**RECORDS TO USE:**

===

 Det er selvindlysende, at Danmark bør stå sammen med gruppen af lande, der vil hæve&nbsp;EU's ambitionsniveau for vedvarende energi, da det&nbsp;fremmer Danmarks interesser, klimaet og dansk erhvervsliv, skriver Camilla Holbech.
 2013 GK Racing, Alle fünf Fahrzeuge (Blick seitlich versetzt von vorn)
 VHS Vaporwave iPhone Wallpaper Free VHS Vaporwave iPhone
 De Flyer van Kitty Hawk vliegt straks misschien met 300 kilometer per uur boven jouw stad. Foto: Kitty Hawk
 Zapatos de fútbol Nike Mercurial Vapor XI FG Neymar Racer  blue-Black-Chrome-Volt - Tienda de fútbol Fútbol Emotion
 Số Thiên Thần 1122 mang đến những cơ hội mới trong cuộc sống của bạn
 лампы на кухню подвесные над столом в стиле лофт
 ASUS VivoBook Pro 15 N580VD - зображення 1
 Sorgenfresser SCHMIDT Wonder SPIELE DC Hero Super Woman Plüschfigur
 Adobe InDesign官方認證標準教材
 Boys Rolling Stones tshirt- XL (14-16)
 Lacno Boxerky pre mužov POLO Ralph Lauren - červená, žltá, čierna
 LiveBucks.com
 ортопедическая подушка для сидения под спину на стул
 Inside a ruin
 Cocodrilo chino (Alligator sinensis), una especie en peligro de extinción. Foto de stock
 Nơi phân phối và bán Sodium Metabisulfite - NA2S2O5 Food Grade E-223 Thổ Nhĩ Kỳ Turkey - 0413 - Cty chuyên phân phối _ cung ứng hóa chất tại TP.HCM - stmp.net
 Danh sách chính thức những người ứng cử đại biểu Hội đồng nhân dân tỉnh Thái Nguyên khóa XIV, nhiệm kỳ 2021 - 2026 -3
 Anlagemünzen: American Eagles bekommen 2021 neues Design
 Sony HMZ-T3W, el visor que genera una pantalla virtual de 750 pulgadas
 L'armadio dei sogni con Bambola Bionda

===

**INSTRUCTIONS FOR THE TASK:** In the answer, restate word for word each line from the one with "Số Thiên Thần" through the end of the material above.

**RESPONSE TO THIS EXERCISE:**
 Số Thiên Thần 1122 mang đến những cơ hội mới trong cuộc sống của bạn
 лампы на кухню подвесные над столом в стиле лофт
 ASUS VivoBook Pro 15 N580VD - зображення 1
 Sorgenfresser SCHMIDT Wonder SPIELE DC Hero Super Woman Plüschfigur
 Adobe InDesign官方認證標準教材
 Boys Rolling Stones tshirt- XL (14-16)
 Lacno Boxerky pre mužov POLO Ralph Lauren - červená, žltá, čierna
 LiveBucks.com
 ортопедическая подушка для сидения под спину на стул
 Inside a ruin
 Cocodrilo chino (Alligator sinensis), una especie en peligro de extinción. Foto de stock
 Nơi phân phối và bán Sodium Metabisulfite - NA2S2O5 Food Grade E-223 Thổ Nhĩ Kỳ Turkey - 0413 - Cty chuyên phân phối _ cung ứng hóa chất tại TP.HCM - stmp.net
 Danh sách chính thức những người ứng cử đại biểu Hội đồng nhân dân tỉnh Thái Nguyên khóa XIV, nhiệm kỳ 2021 - 2026 -3
 Anlagemünzen: American Eagles bekommen 2021 neues Design
 Sony HMZ-T3W, el visor que genera una pantalla virtual de 750 pulgadas
 L'armadio dei sogni con Bambola Bionda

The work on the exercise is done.